Let's say we want to generate a new dataset that contains all possible physical and chemical data for Peter and Paul Lakes. In this case, we want to do a full join.
```{r}
NTL.phys.nutrient.data.PeterPaul <- full_join(NTL.phys.data.PeterPaul.subset, NTL.nutrient.data.PeterPaul.subset)
write.csv(NTL.phys.nutrient.data.PeterPaul, row.names = FALSE,
file ="./Data/Processed/NTL-LTER_Lake_Chemistry_Nutrients_PeterPaul_Processed.csv")
```
### rbind
The Niwot Ridge litter dataset, when downloaded from NEON, comes packaged with each month as a different .csv file. If we want to analyze the dataset as a single data frame, we need to combine each of these files.
```{r}
Litter.June2016 <- read.csv("./Data/Raw/NIWO_Litter/NEON_NIWO_Litter_massdata_2016-06_raw.csv")
Litter.July2016 <- read.csv("./Data/Raw/NIWO_Litter/NEON_NIWO_Litter_massdata_2016-07_raw.csv")
Litter.August2016 <- read.csv("./Data/Raw/NIWO_Litter/NEON_NIWO_Litter_massdata_2016-08_raw.csv")
Litter.2019 <- rbind(Litter.June2016, Litter.July2016, Litter.August2016)
```
However, there are 20 months in this dataset, so importing all these files individually would be tedious to code.

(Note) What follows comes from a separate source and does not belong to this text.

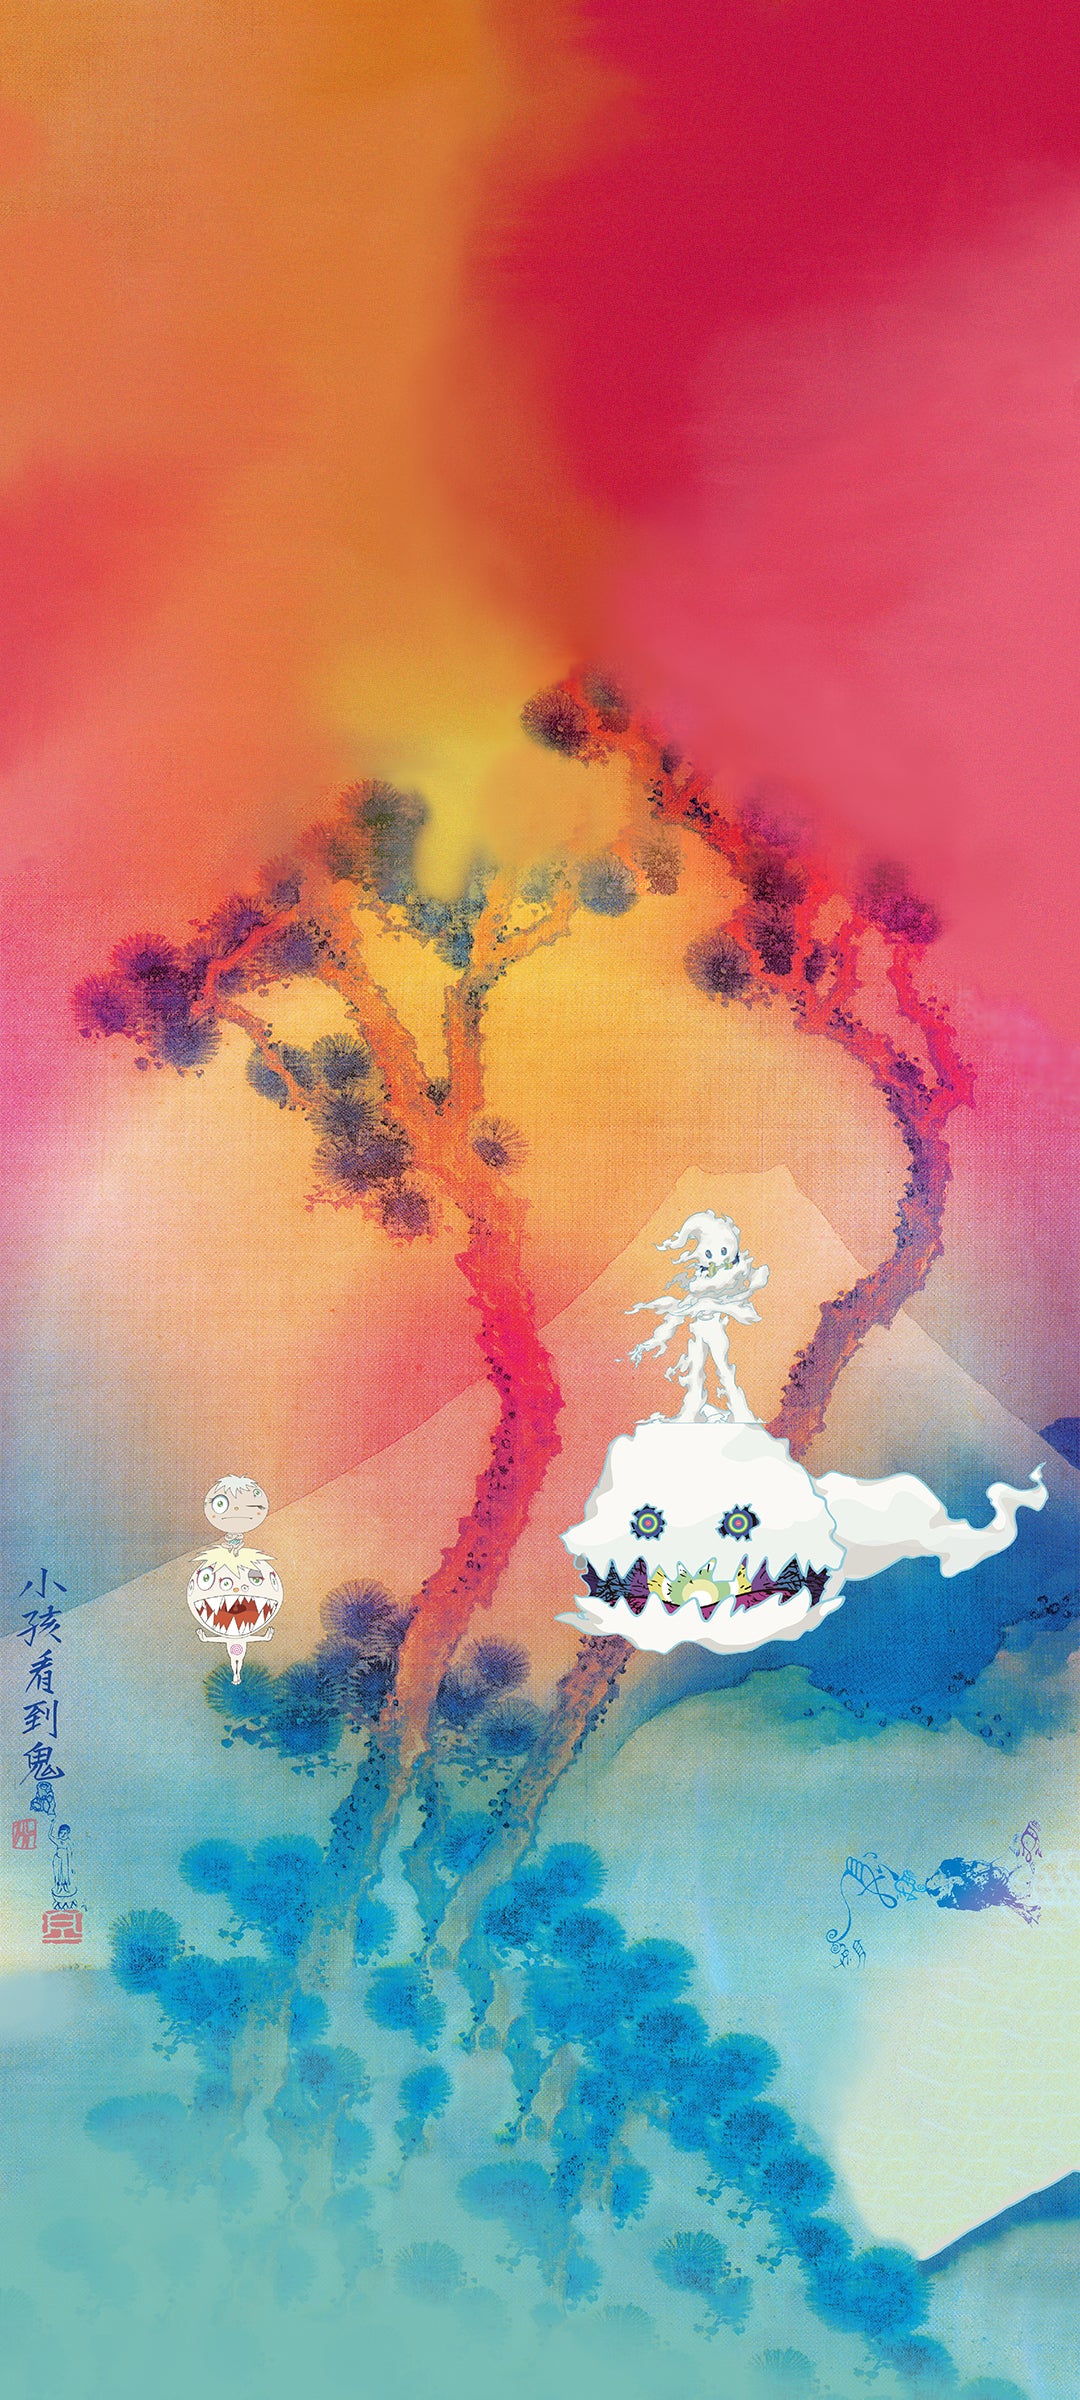 KIDS SEE GHOSTS Album Cover 2400x1080 Wallpaper

Here is a more efficient way to import and combine all files.
```{r}
LitterFiles = list.files(path = "./Data/Raw/NIWO_Litter/", pattern="*.csv", full.names=TRUE)
LitterFiles
Litter <- LitterFiles %>%
plyr::ldply(read.csv)
```
We also have information about individual traps, including the location and type of landcover. Let's join these two datasets. Note that "siteID", "plotID" and "trapID" exist in both datasets, and we can join them by these conditions. Notice the dimensions of the final dataset.
```{r}
Trap <- read.csv("./Data/Raw/NEON_NIWO_Litter_trapdata_raw.csv")
LitterTrap <- left_join(Litter, Trap, by = c("siteID", "plotID", "trapID"))
dim(Litter)
dim(Trap)
dim(LitterTrap)
LitterTrap <- LitterTrap %>%
select(plotID:trapID, collectDate, functionalGroup:qaDryMass, subplotID:geodeticDatum)
write.csv(LitterTrap, row.names = FALSE,
file ="./Data/Processed/NEON_NIWO_Litter_mass_trap_Processed.csv")
```
## Split-Apply-Combine
dplyr functionality, combined with the pipes operator, allows us to split datasets according to groupings (function: `group_by`), then run operations on those groupings and return the output of those operations. There is a lot of flexibility in this approach, but we will illustrate just one example today.
```{r}
NTL.PeterPaul.summaries <-
NTL.phys.nutrient.data.PeterPaul %>%
filter(depth == 0) %>%
group_by(lakename, month) %>%
filter(!is.na(temperature_C) & !is.na(tn_ug) & !is.na(tp_ug)) %>%
summarise(meantemp = mean(temperature_C),
sdtemp = sd(temperature_C),
meanTN = mean(tn_ug),
sdTN = sd(tn_ug),
meanTP = mean(tp_ug),
sdTP = sd(tp_ug))
write.csv(NTL.PeterPaul.summaries, row.names = FALSE,
file ="./Data/Processed/NTL-LTER_Lake_Summaries_PeterPaul_Processed.csv")
```
## Alternative Methods for Data Wrangling
If you want to iteratively perform operations on your data, there exist several options. We have demonstrated the pipe as one option. Additional options include the `apply` function (https://www.rdocumentation.org/packages/base/versions/3.5.2/topics/apply) and `for` loops (https://swcarpentry.github.io/r-novice-inflammation/15-supp-loops-in-depth/). These options are good options as well (again, multiple ways to get to the same outcome). A word of caution: loops are slow. This may not make a difference for small datasets, but small time additions will make a difference with large datasets.